KS and AT amplicon mixtures were obtained by PCR amplification of metagenomic DNA from P. halichondrioides using two primers pairs, respectively designed on the signature regions of type I PKSs: KSDPQQF (5'-MGN GAR GCN NWN SMN ATG GAY CCN CAR CAN MG-3') and KSHGTGR (5'-GGR TCN CCN ARN SWN GTN CCN GTN CCR TG-3') for the KS domains, AT1F (5'-TTY CCN GGN CAR GGN NSS CAG TGG-3', binding to the motif FPGQGsQW) and AT3R2 (5'-GC IGC IGC NAT CTC NCC C-3', binding to the motif QGEIAAA) for the AT domains. To obtain PCR products, 0.5 µL of sheared (by pipetting 100 times up and down) metagenomic DNA was used in a 50 µL reaction (27 µL H2O, 2 µL MgCl2 (25 mM), 3 µL DMSO, 1.5 µL dNTP (10 mM), 5 µL primers (10 mM), 5 µL Taq buffer advanced (Eppendorf, Hamburg, Germany), 1 µL RBC Taq DNA polymerase (5 U/µL, RBC Bioscience, New Taipei City, Taiwan). Three different PCR experiments with different annealing temperatures were run in parallel to make the mixture of KS amplicons as diverse as possible, and the amplicons were combined before sequencing. In case of KS primers, the PCR protocol included: initial step (45 s at 95 °C); 30 amplification cycles (denaturation: 1 min at 94 °C, annealing: 1 min at 54 °C/56 °C/58 °C, elongation: 45 s at 72 °C); final elongation (7 min at 72 °C). The AT amplicons were obtained using the same procedure and the same cycler program, except for annealing temperatures which were 58 °C, 60 °C, and 62 °C.

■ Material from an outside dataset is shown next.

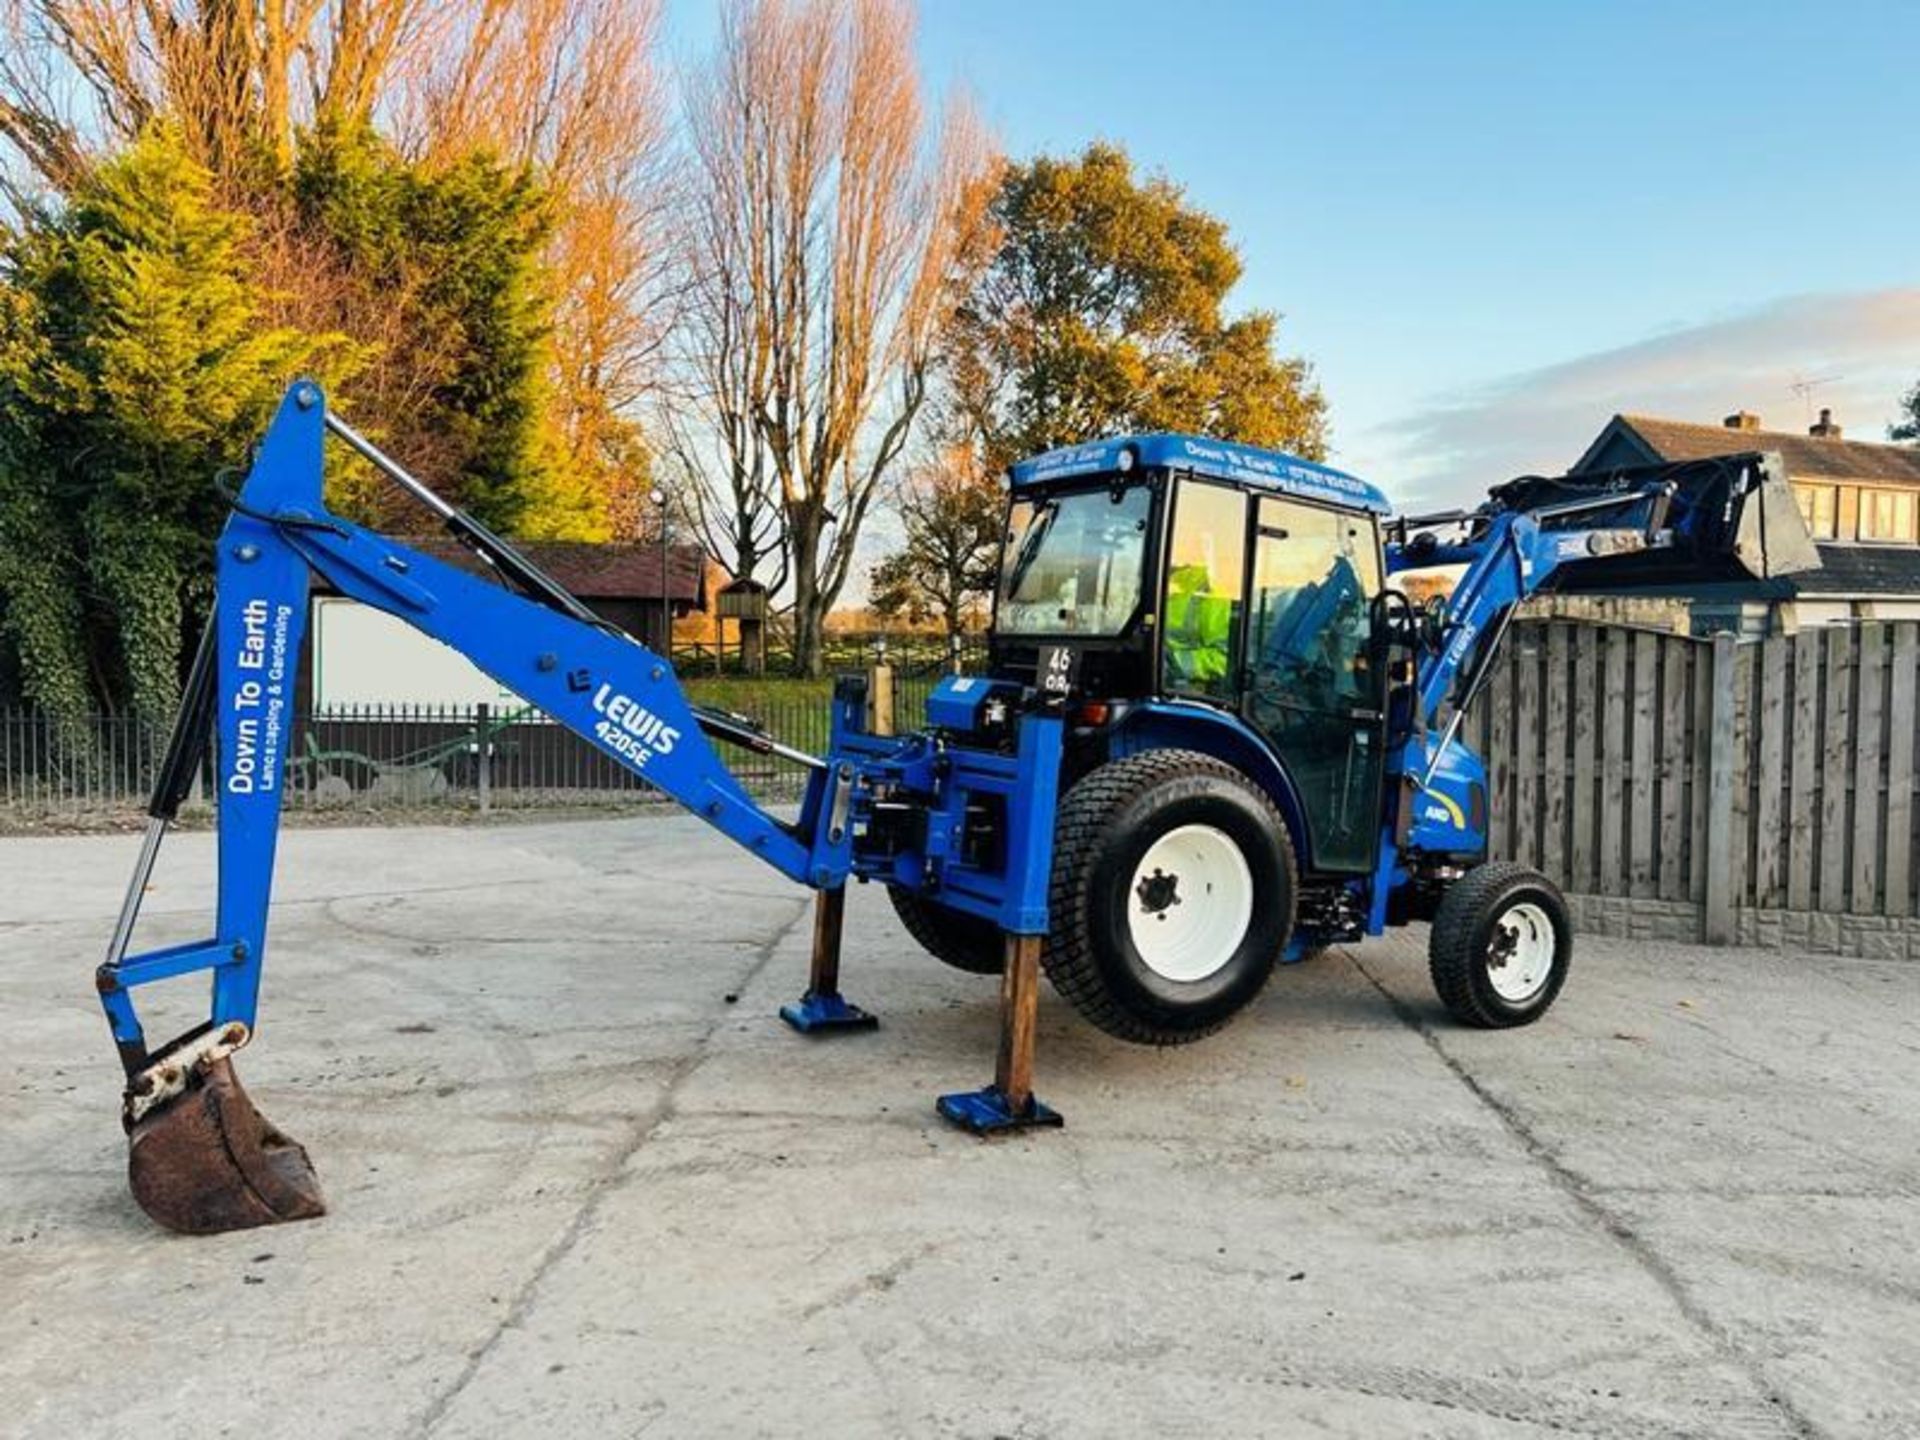 NEW HOLLAND BOOMER 40 4WD TRACTOR *YEAR 2014, ONLY 737 HRS* C/W LOADER & BACK TRACTOR - Image 7 of 19

KS and AT PCR products were separated by gel electrophoresis, and gel extracted and purified using the QIAquick Gel Extraction Kit (Qiagen, Venlo, Netherlands). The concentrations of KS and AT amplicon libraries were adjusted to 20 ng/µL and 50 µL of both mixtures were sent to GATC Biotech AG European Genome and Diagnostics Centre (Konstanz, Germany) to be subjected to 454 pyrosequencing. Sequencing was done on a 70 × 75 FLX picotiter plate of a Roche GS FLX sequencer.

4.5. Bioinformatics

16S rRNA sequences were analysed using the RDP Seq Match tool [31] and BLASTn [32]. KS and AT sequences were analyzed using BLASTp and BLASTx. KS sequences were also analyzed using the NAPDOS database [28]. Alignments were performed with BioEdit [40]. Phylogenetic analyses were performed using ClustalX [41] or the MEGA 5.05 software package [42].

All the unique 16S rRNA partial sequences and representative KS and AT sequences from metagenomic analysis were deposited into GenBank under the accession numbers from KM389536 to KM389619.